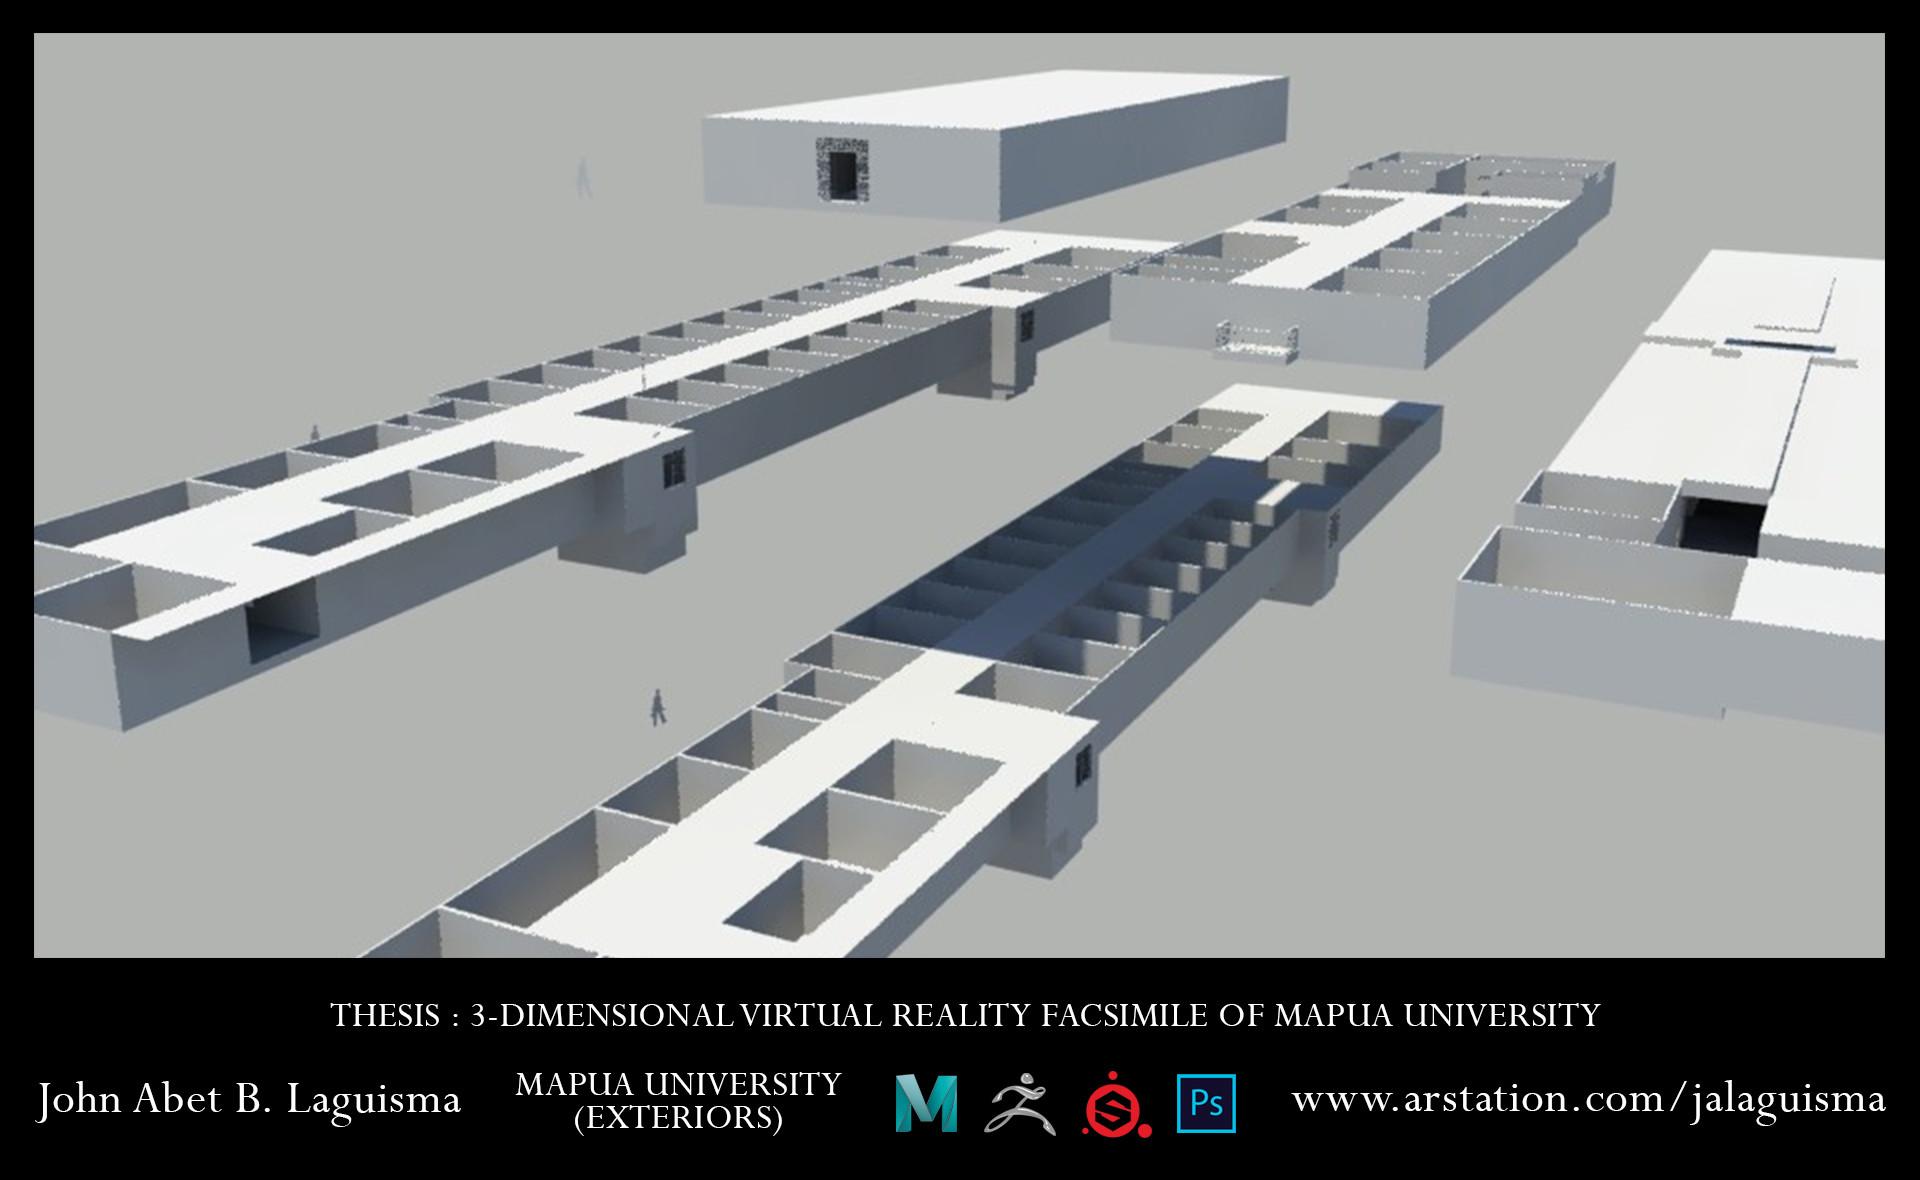 mapua thesis architecture
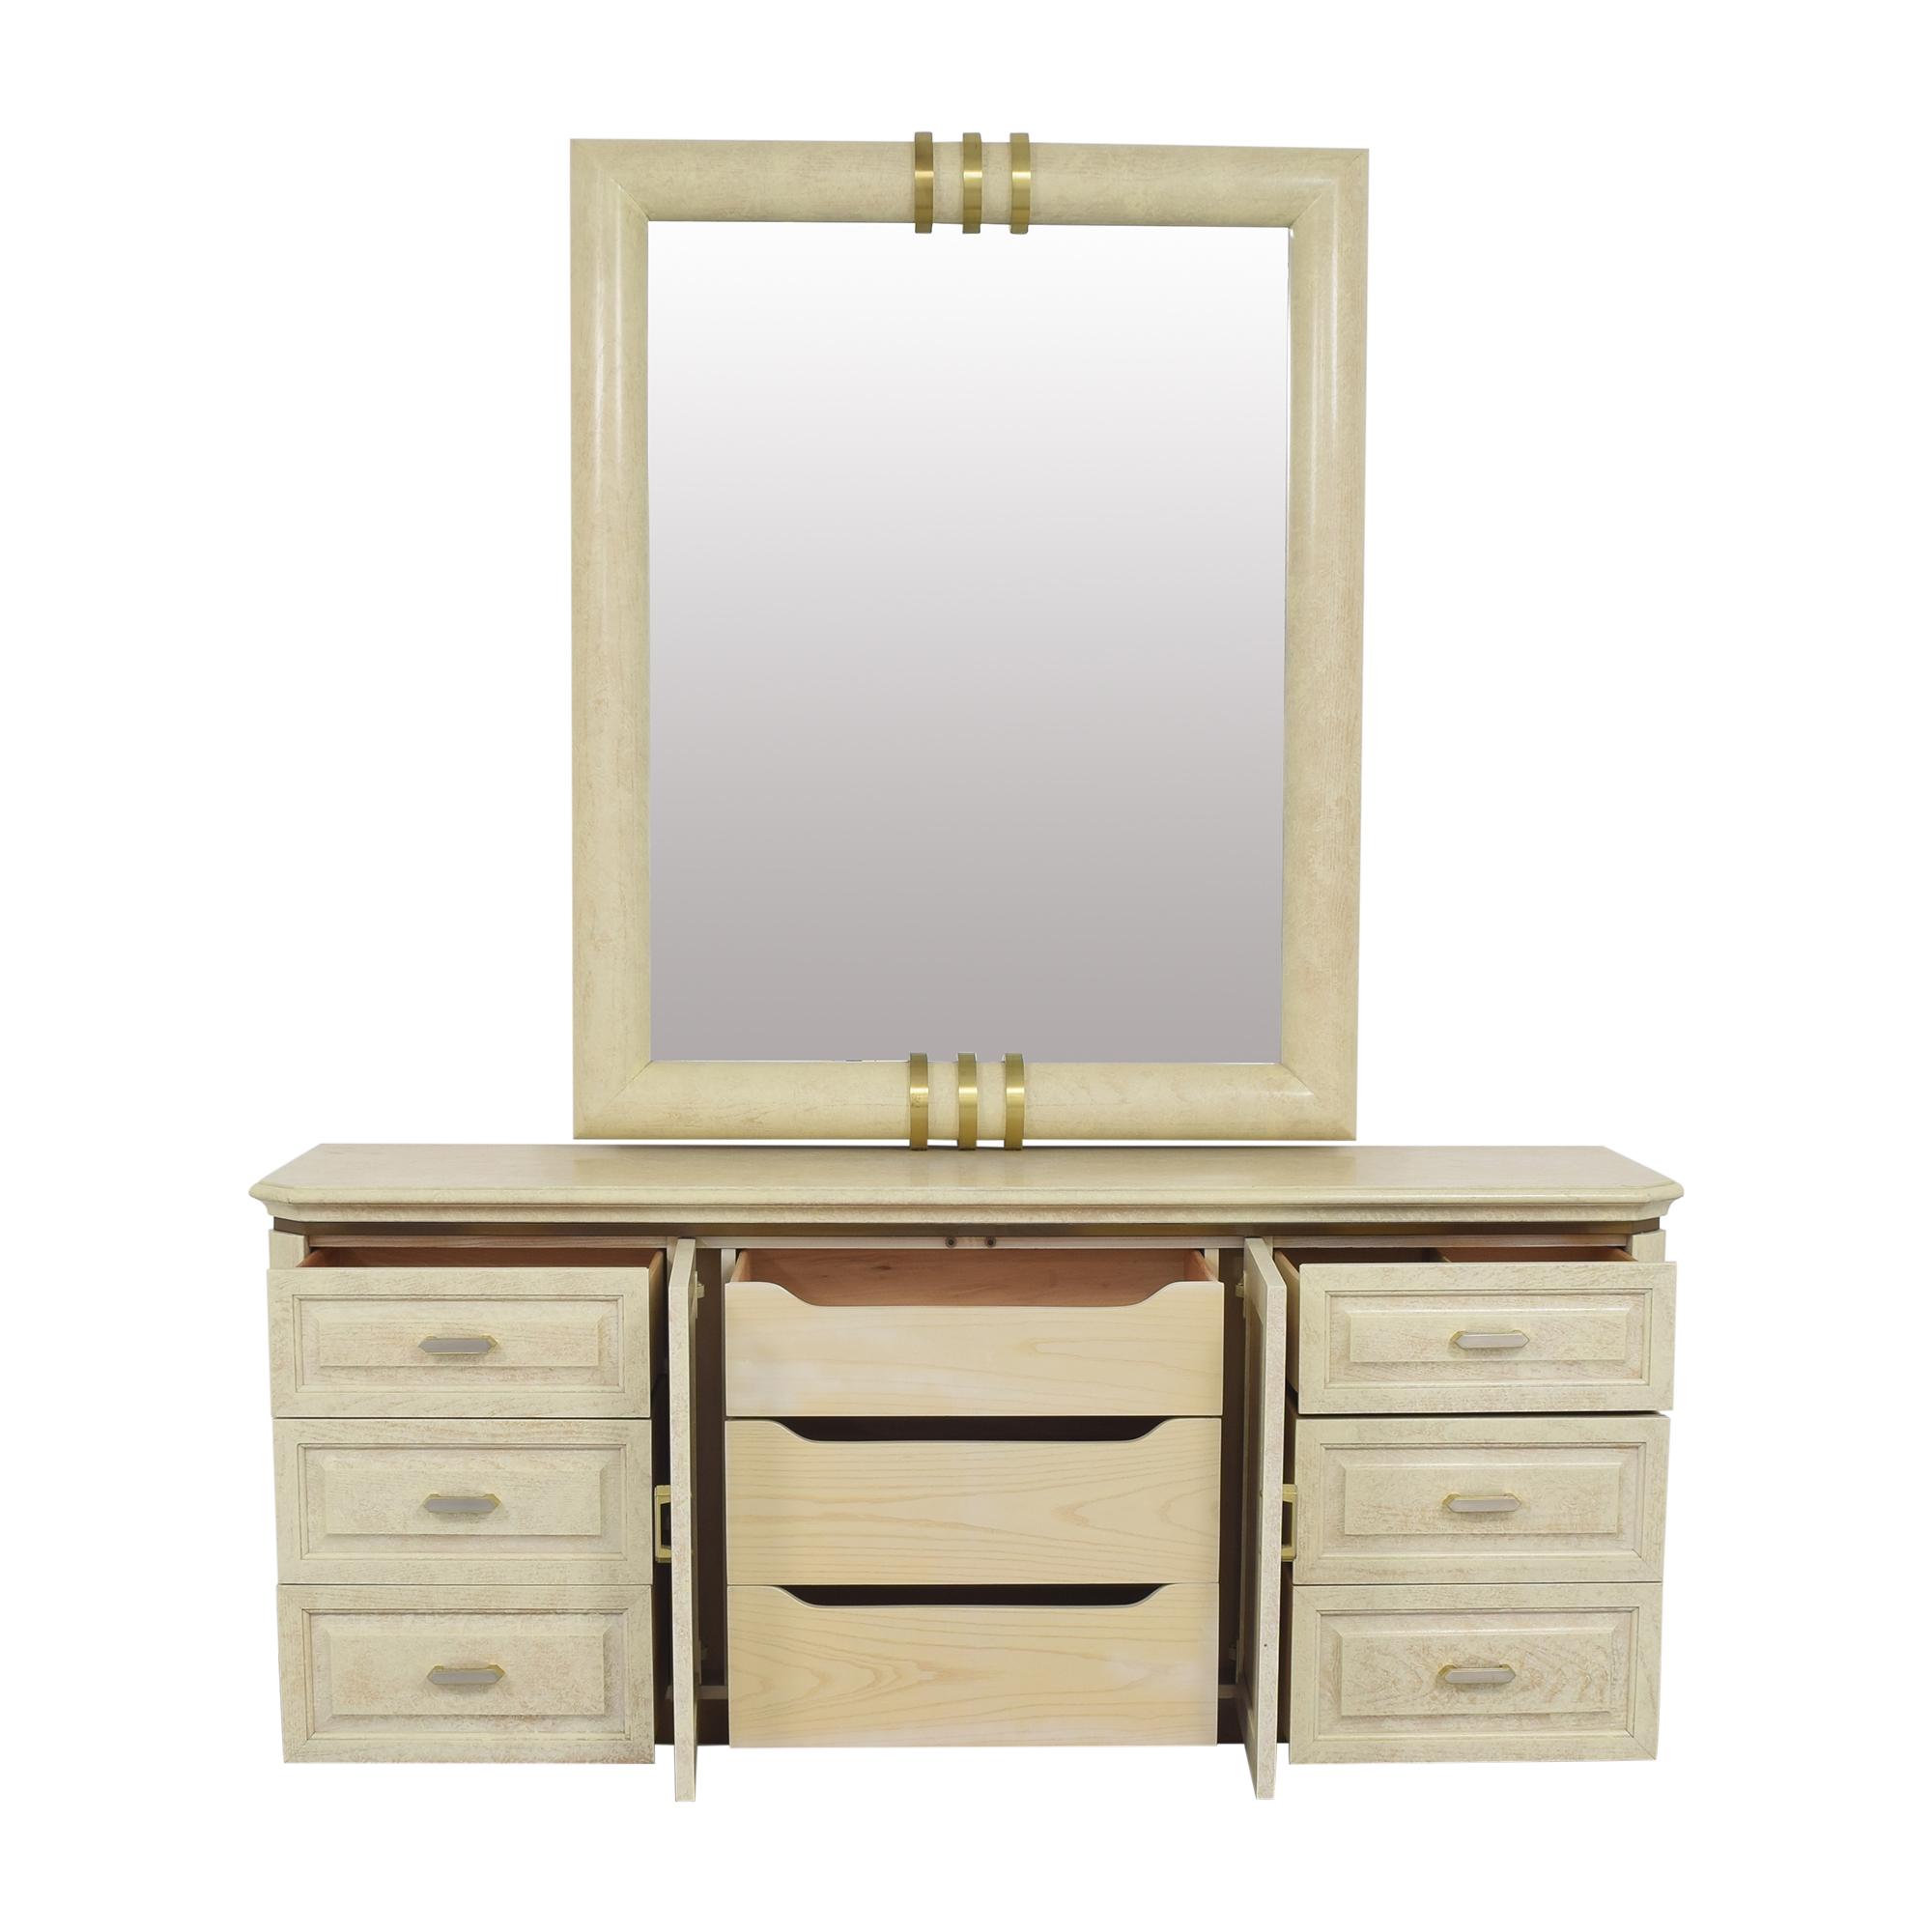 Henredon Furniture Henredon Art Deco Style Dresser and Mirror ct
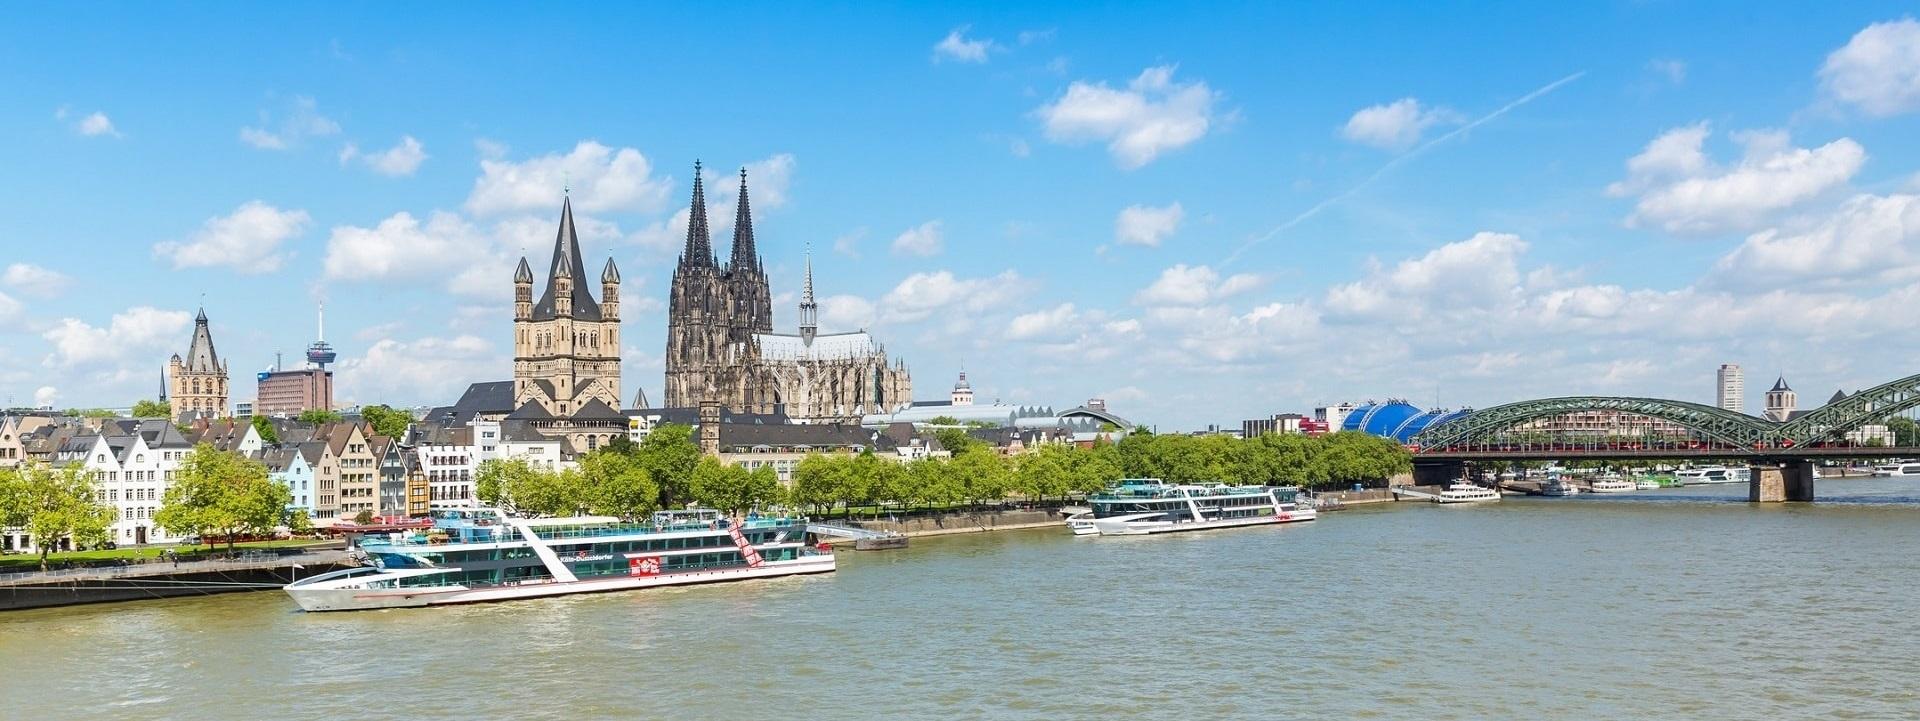 Stadt Köln im Sommer
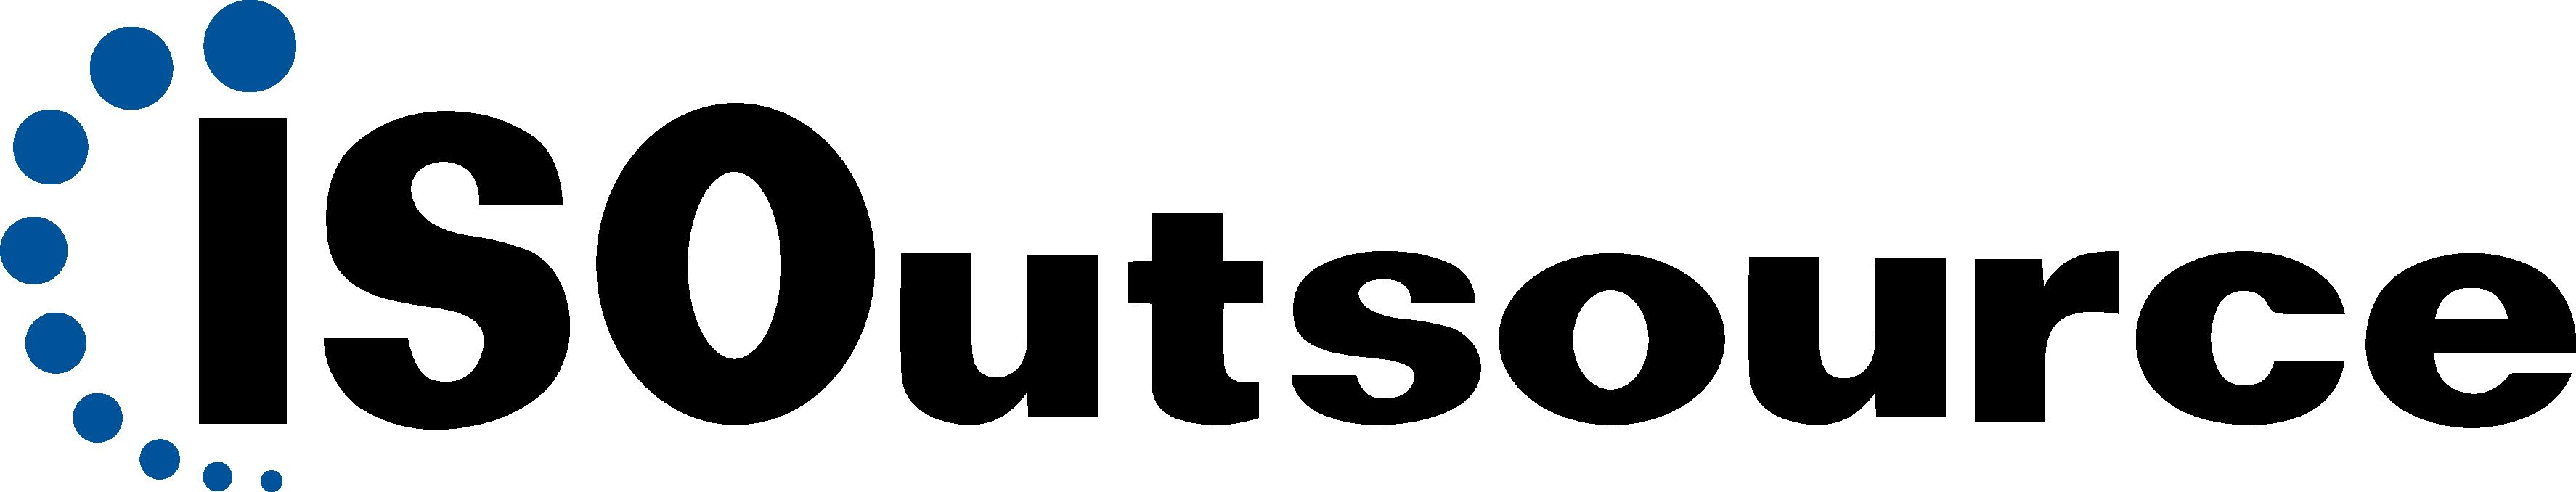 ISOutsource Logo

What you have to do » Only the lines from the one containing "Henredon Furniture Henredon" through the last line of the data may appear in the answer, each given again exactly and with pictures left out.

Response to this task »
 Henredon Furniture Henredon Art Deco Style Dresser and Mirror ct
 Stadt Köln im Sommer
 ISOutsource Logo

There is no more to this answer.